Results of optimizing different discrimination objectives with our method on the COMPAS dataset. Objectives are ordered by columns, classifiers by rows. The y-axis displays AUC.

It can be observed that all discrimination measures were lowered significantly. Generally, our method was able to optimize on any fairness notion, as evidenced here and Sect. 6.1. It was even able to outperform algorithms that were specifically designed for a single metric, demonstrating its adaptability.

7 Conclusion

Machine learning can be utilized for malicious purposes if estimators are trained on data that is biased against certain demographic groups. This can have an incredibly negative impact on the decisions made and the groups that are being discriminated against.

The presented pre-processing method in this work is a sampling-based optimization algorithm that firstly uses a statistical model to learn the distribution of the given dataset, then samples points from this distribution, and determines which one to add to the data to minimize the discrimination. This process continues until the predefined criteria set by the user are satisfied. The method can optimize any discrimination measure as it is treated as a black-box, making it more accessible for wider use cases.

The results of our experiments demonstrate that our technique is reliable and significantly reduces discrimination while not compromising accuracy. Although a few other methods performed similarly in a few experiments, they were not compatible with certain estimators or even added bias to the original data. Because fairness was improved among the experiments and our method adds samples, it indicates that representativeness can be achieved with our method. Our research underscores the importance of addressing bias in data and we hope to contribute such concerns in data analytics and knowledge discovery applications.
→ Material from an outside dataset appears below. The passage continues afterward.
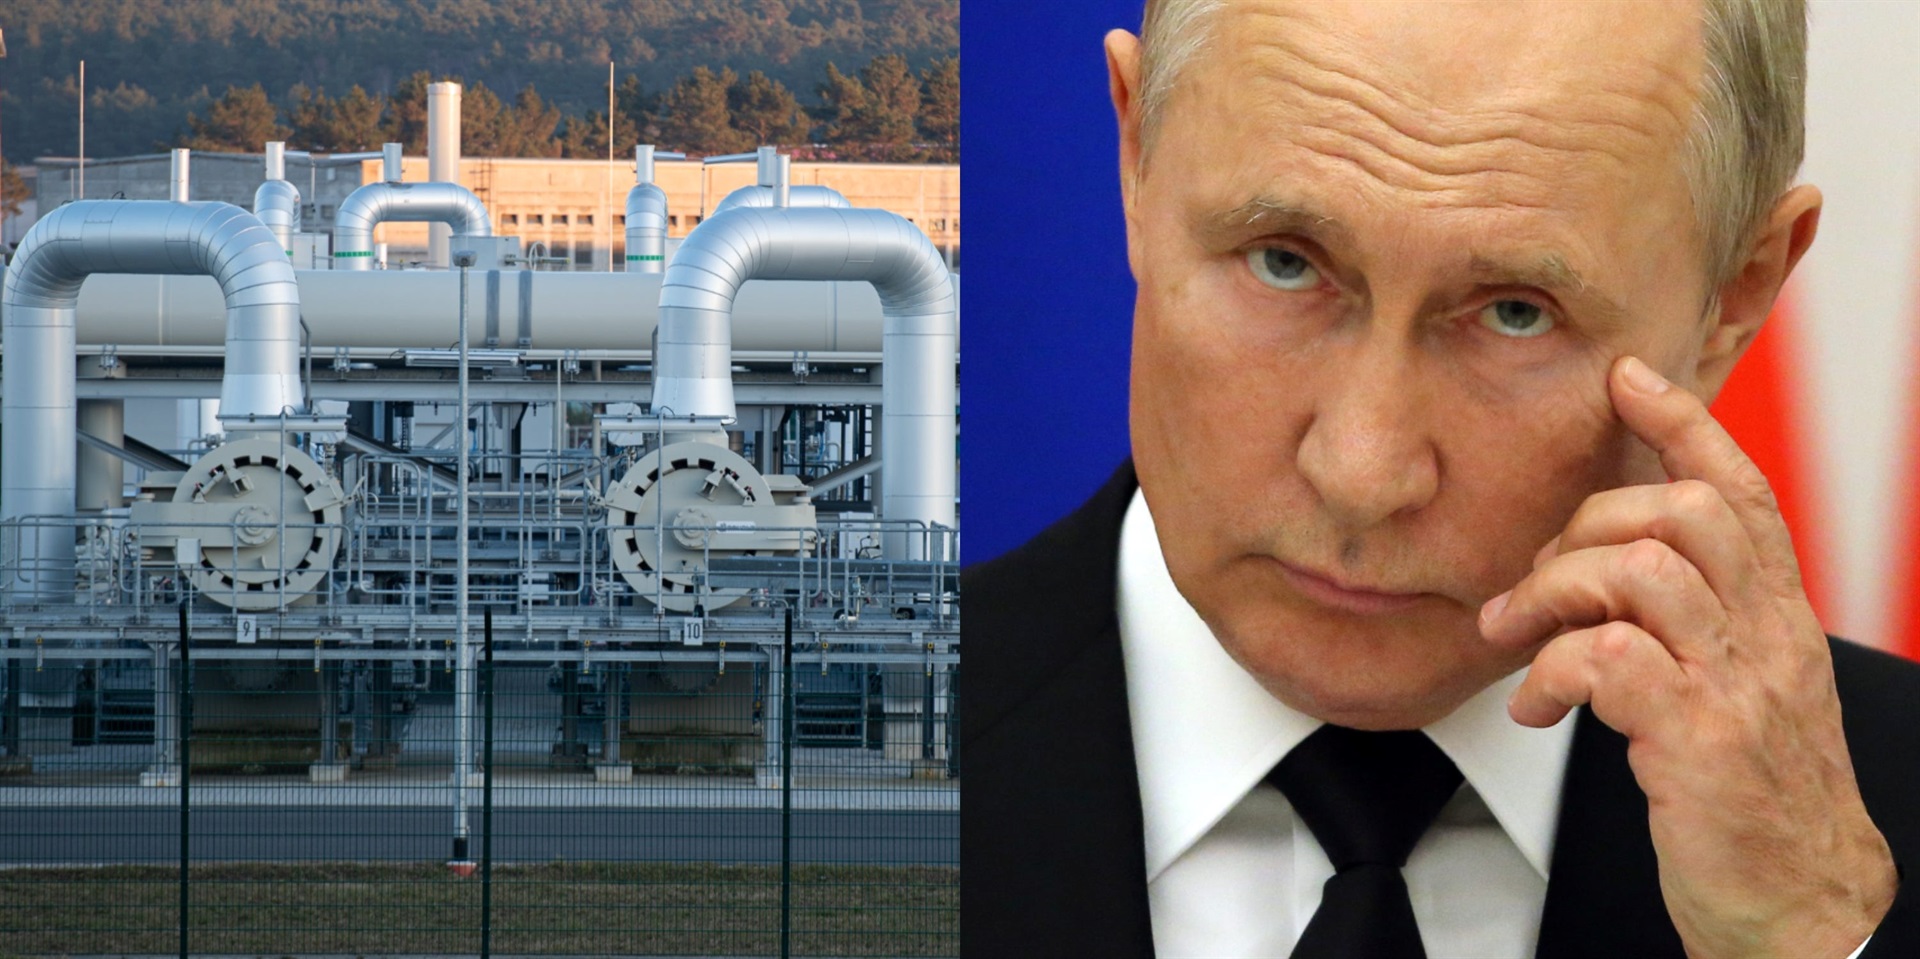 A composite image of part of the Nord Stream gas pipeline and Russian President Vladimir Putin. Daniel Reinhardt/Picture Alliance via Getty Images

8 Discussion and Future Work

The results of our approach demonstrate that it is possible to achieve fairness in machine learning models using generated data points. Despite our approach showing promise, it is important to acknowledge that our results rely heavily on the quality of the statistical model used to generate synthetic data. For tabular data, Gaussian copula [22] seems to be a good choice.

In future work, we aim to explore the potential of our method in making pre-trained models fairer with our method. While retraining large models using debiased datasets may not always be feasible from a cost-effective perspective, our approach allows using generated data to fine-tune the model for fairness, which provides a more efficient alternative.
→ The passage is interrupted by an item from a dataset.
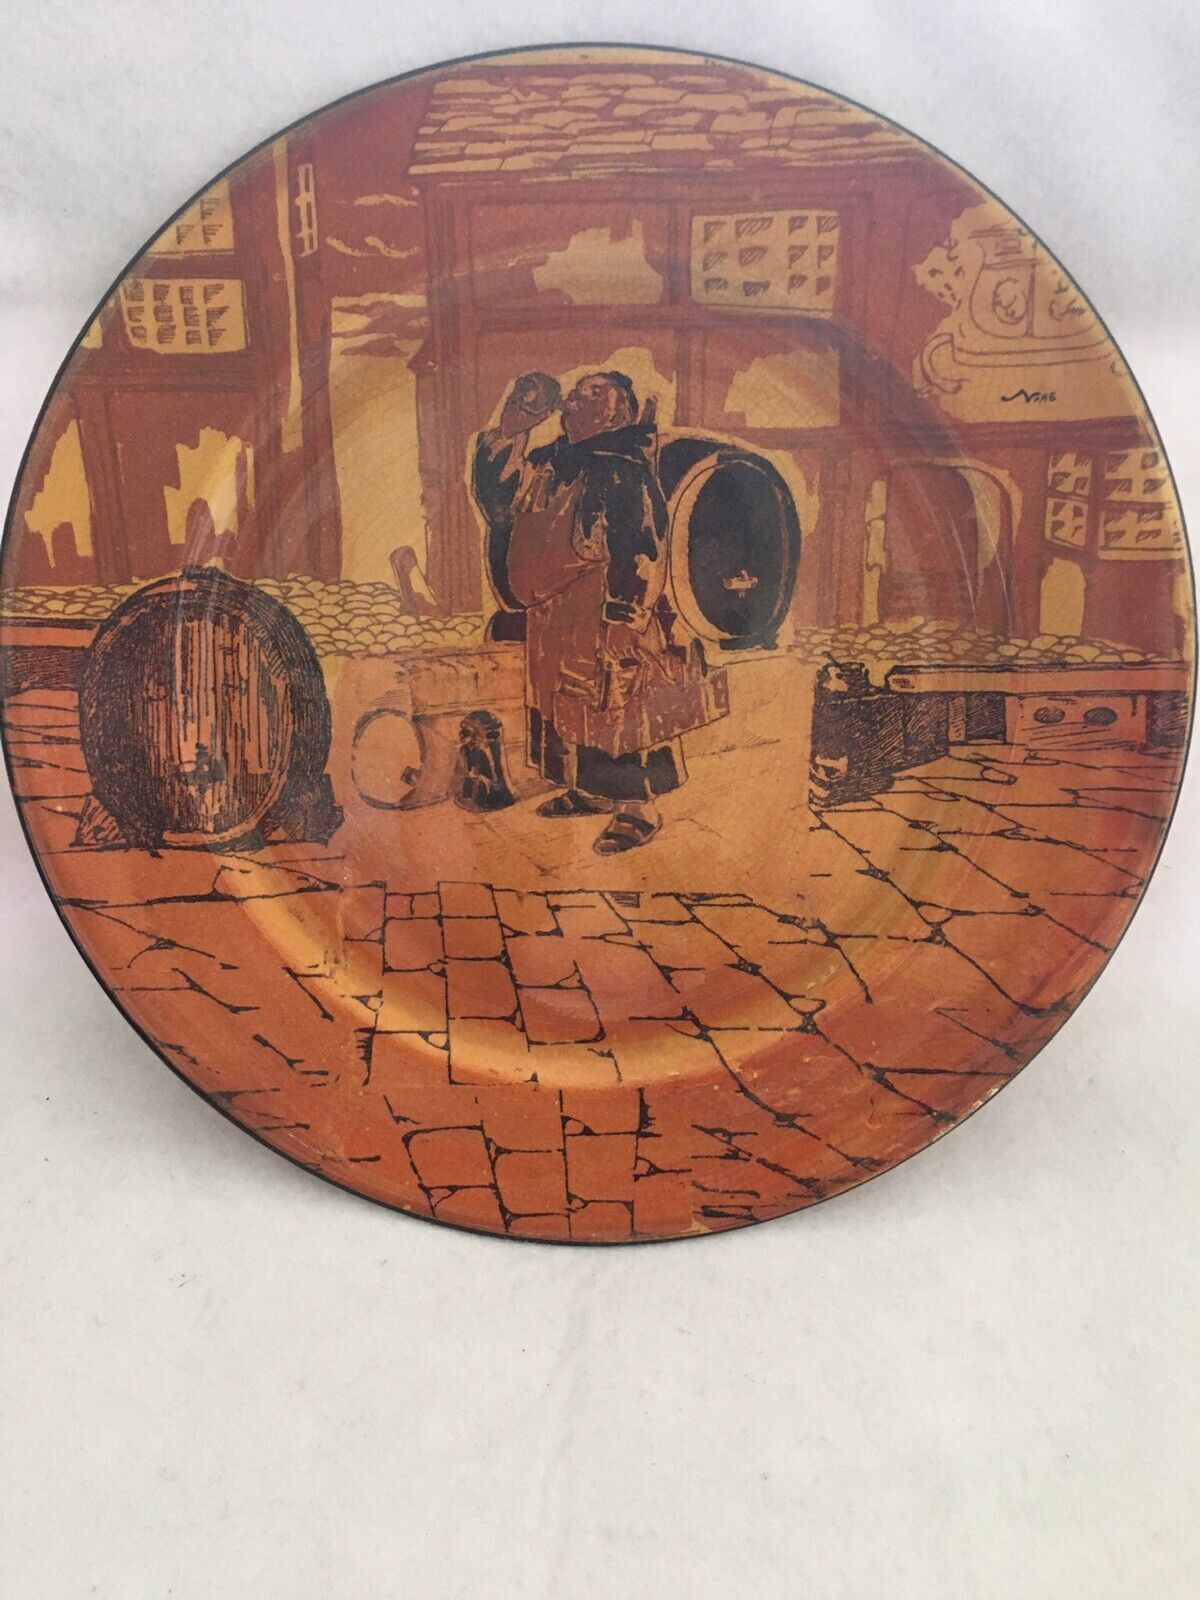 **SALE** Royal Doulton Drinking Friar, Nome Italy Collector Plate, Numbered

Additionally, our evaluation deals with datasets where the protected attribute is a binary variable, which leaves some use cases untreated. Neglecting to recognize non-binary groups can lead to overlooking those who are most in need of attention. Similarly, research on dealing with multiple protected attributes at the same time could be done. This is to make sure that no protected group is being disadvantaged. Previous studies have touched on this subject [1, 4, 32], but we hope to reformulate these issues as objectives that work with our approach.